Bonginkosi Thusi wades through Kosi Bay on his way to school. Some children who live in the area have to cross crocodile- and hippo-infested waters to get to school. /Thuli Dlamini
Bonginkosi Thusi wades through Kosi Bay on his way to school. Some children who live in the area have to cross crocodile- and hippo-infested waters to get to school. /Thuli Dlamini

It took a lot of work, vision and chutzpah to build the first school in Natal, a place called Umlazi Mission School.

The school, according to Rule of Fear, a biography of King Dingane, opened its doors on February 22 1836 to 12 pupils - one of them white. The school was merely the shade of a large tree and the earth - the letters written in the sand, for an A-B-C book.

These were tough times. King Dingane, who had granted the missionaries Charles Adams and George Champion permission to start schools in Natal, and later in his own backyard in Zululand, would later change his mind and burn them down, these fledgling citadels of enlightenment.

He would later kill black people who had embraced Christianity and Western education.

King Dingane had suddenly woken up to the realisation that religion and education could be the ploys the colonialists used to lull indigenous people into submission - before taking their land.

He had been told by one Jacob Msimbithi, originally from Xhosaland, that's how the colonisers had conquered and subjugated the various Xhosa kingdoms.

A lot of water has passed under the bridge. Indigenous kingdoms no longer exist. Even the British Empire that smashed them is but a shadow of its former self. That's how history works - it has a wheel that keeps turning. At any rate, while the colonialists were still in charge, the indigenous person felt their presence. He was at their mercy.

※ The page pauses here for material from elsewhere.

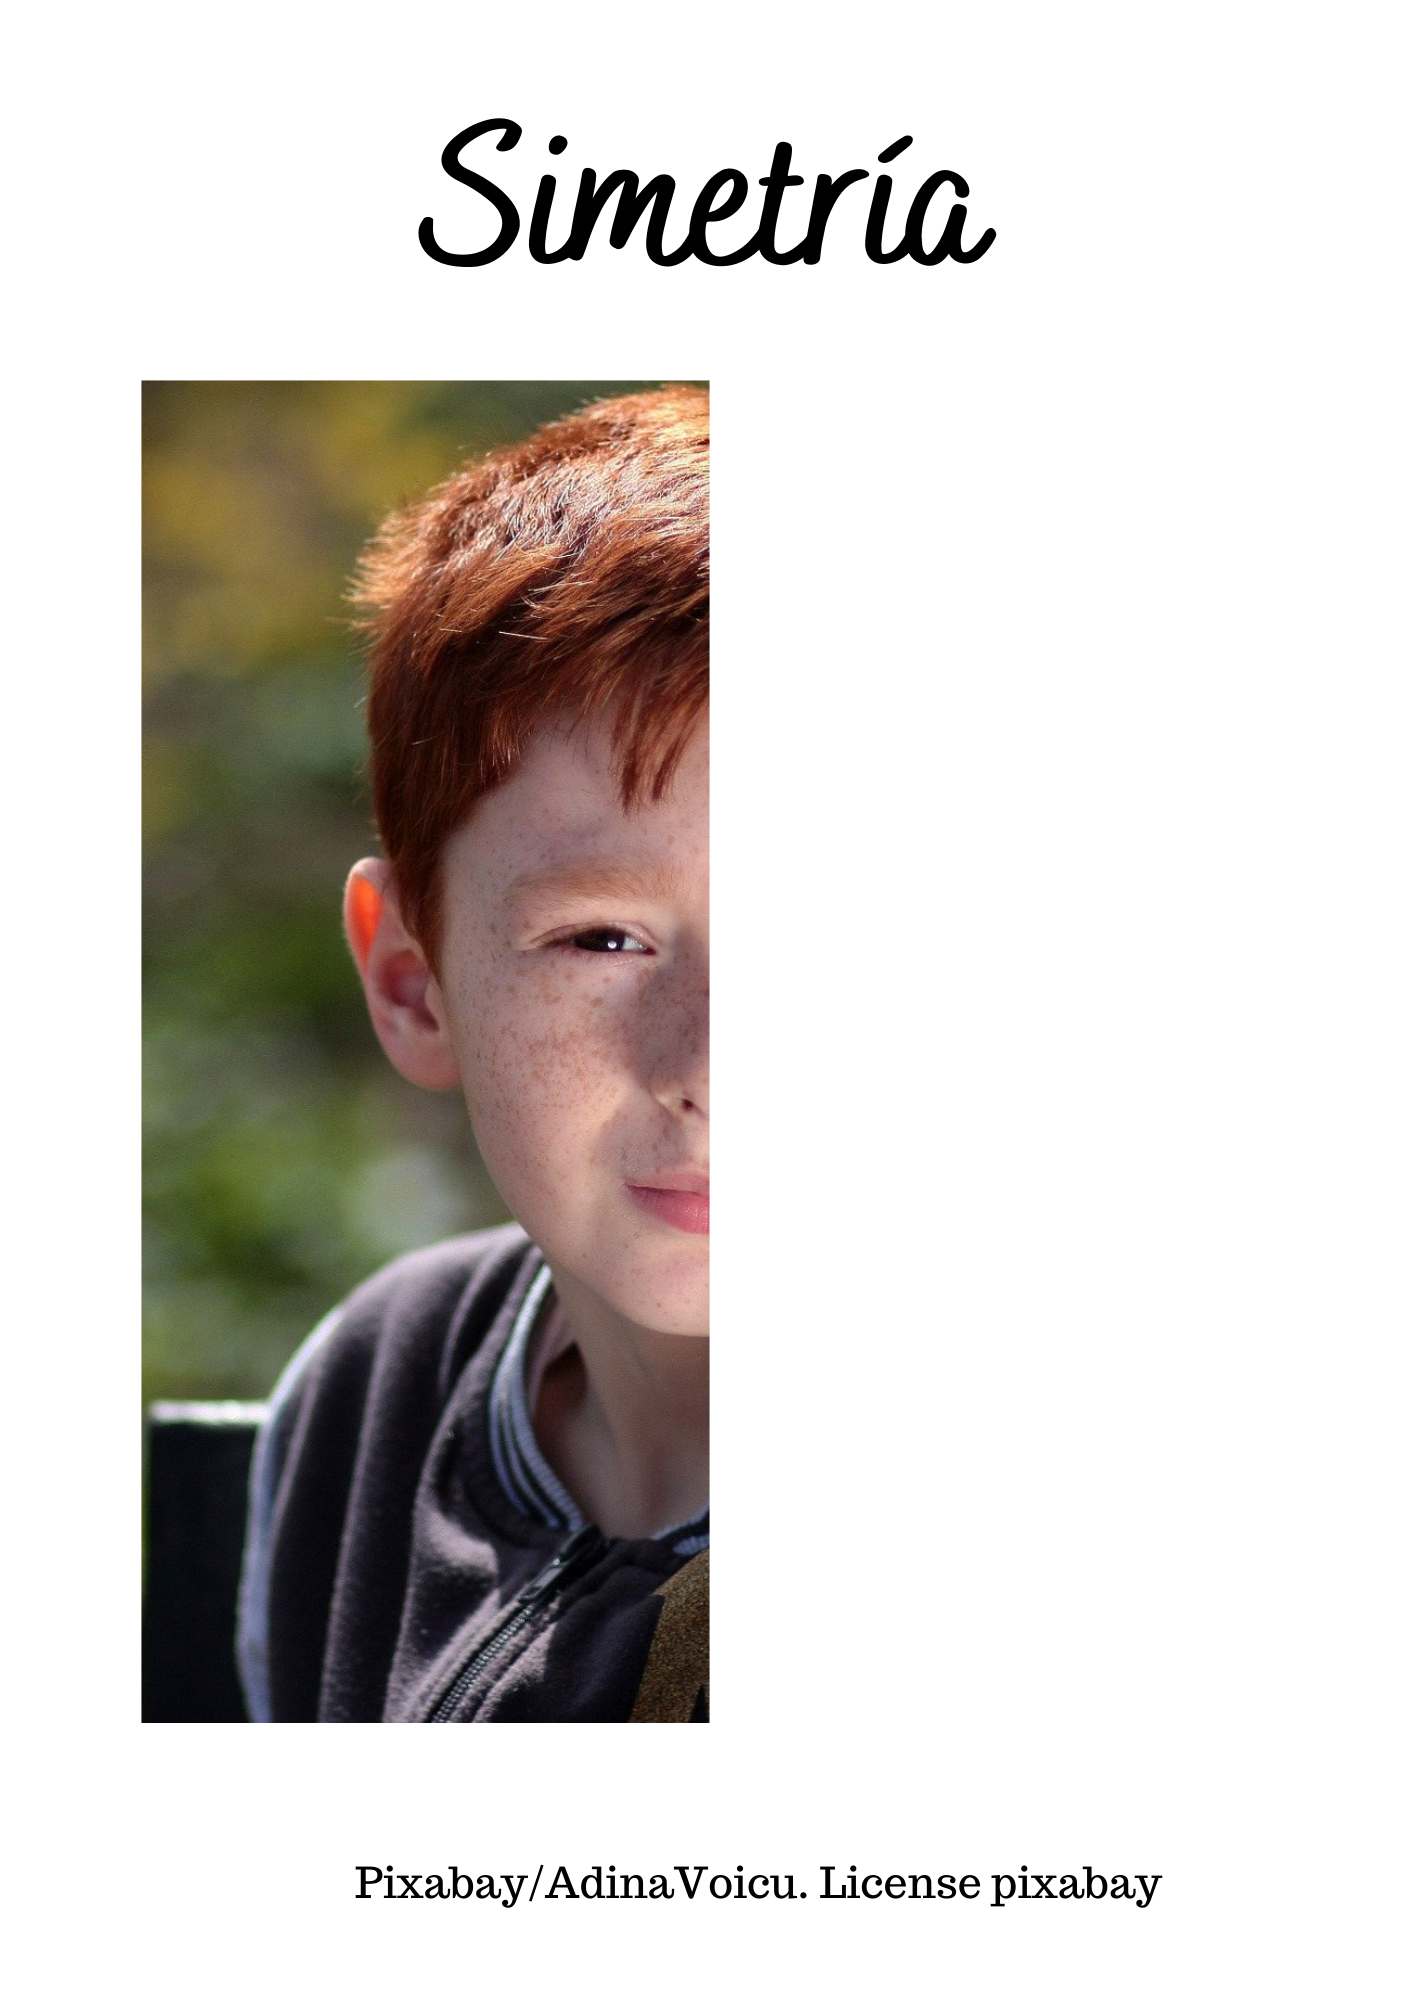 Imagen de la foto de un niño sólo con la parte izquierda de la cara, tendrán que dibujar la parte derecha.

Just when the indigenous people thought colonialism was coming to an end, a more insidious regime took over in 1948. The National Party's ascendency to power took the violent, racist rule started by the British colonialists to a new, evil level.

Reeling from these combined blows, indigenous people - in the absence of any other viable alternatives - began to embrace Western education as their salvation from the jackboot of oppression.

Yes, they fought that the education being given to them be meaningful, and not be yet another means to make them semi-literate drawers of water and hewers of wood. These thoughts came to me just as soon as I'd finished reading this Peter Becker biography on King Dingane.

I couldn't help but ruminate on my people's long, drawn-out struggle for a better, meaningful education. The lives we have lost in this struggle.

It is painful that almost 200 years later, thousands of black children are still learning from under trees.

One of the weekend papers ran a touching story about children who live on an island in Kosi Bay and have to cross crocodile- and hippo-infested waters every day to get to school.

Yes, the story in the paper has a nice ending: the KwaZulu-Natal education department has just unveiled an aluminium ferry that will get the children to and from the island. Let's give praise where it is due. Well done.

One hopes that this success story will be an inspiration to other local government agencies to step into the breach - build schools, repair schools that need to be repaired, help with the transportation of the needy.

Education, as I keep saying, might just be this country's salvation. We ignore it at our own peril.